As absorbed as she was in the computer, she’d still heard him follow her. His
PI would always have a cop’s instincts. He walked over, put one hand on the desk and one on the back of her chair. Looking at the screen, he studied the Web site. “This is the one you were looking at a few days ago.”
“Yes.” She was nearly breathless with excitement. “See the list of titles for his podcasts?” She pointed to a sidebar.
Wes read:
Coming Soon: Desperate Housewife
O’MAN SEDUCTIONS
Anti-Princess
Invisible Woman
Wonder Woman
Barbie Babe
Plastic Girl
Cat Woman
Batgirl
Black Widow
Electra
Lois Lane
He turned his head and looked at her. “Anti-Princess? Is that you?” His mind tumbled over that. She had appeared to follow Cullen after leaving the bookstore the first night.

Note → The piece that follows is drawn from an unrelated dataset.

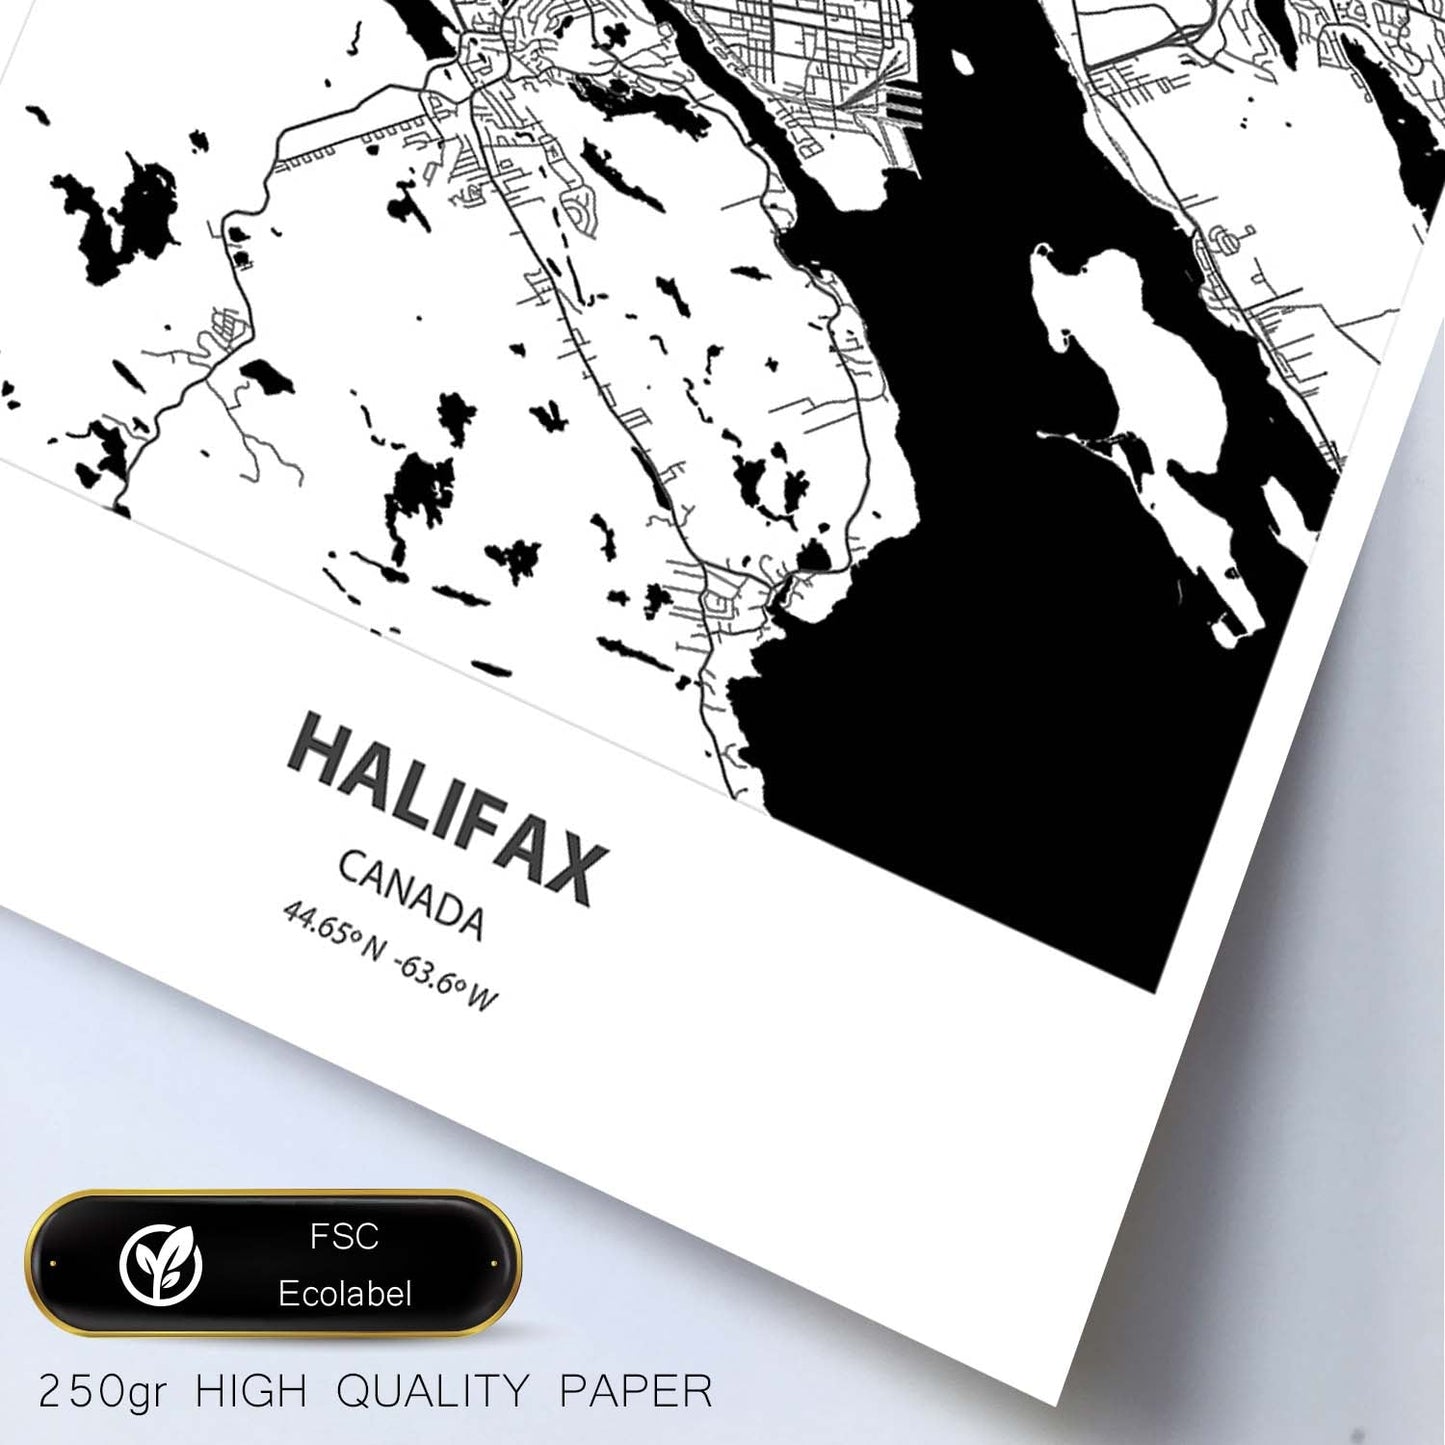 Poster con mapa de Halifax - Canada. Láminas de ciudades de Canada con mares y ríos en color negro.-Artwork-Nacnic-Nacnic Estudio SL

But she had an explanation for that—Phil Shaker had hired her to find out who Tanya was sleeping with.
Her bright expression dimmed. “No. My brothers thought the same thing. I’d never met Cullen until that night in your bookstore.”
Watching her face, he told himself to let it go. But he couldn’t. “It wouldn’t make a difference to me.”
She stiffened. “I don’t give a rat’s ass what you think, Brockman. This is about your case. Look at this.” She pointed to the screen. “This is why someone killed Cullen and stole his laptop.”
One thing he knew about Holly, she was honest about sex. She’d just tell him. In fact, she’d use it to push him away. He lifted his hand from the chair to slide it beneath her drying hair. “Don’t tense up. Look, I’m sorry. I asked, you answered, and I should have accepted your answer the first time.” He rubbed the tension in her neck while directing his attention to the screen. “Invisible Woman. Remember Nora said that Cullen had called her that when we talked to her at the bakery?” It had stuck in his mind because it fit. Nora was just sort of there, nearly invisible.
Holly nodded. “That’s right, I remember now.”
Gently kneading the tension in her neck, he asked, “These podcasts—they’re like a radio show?”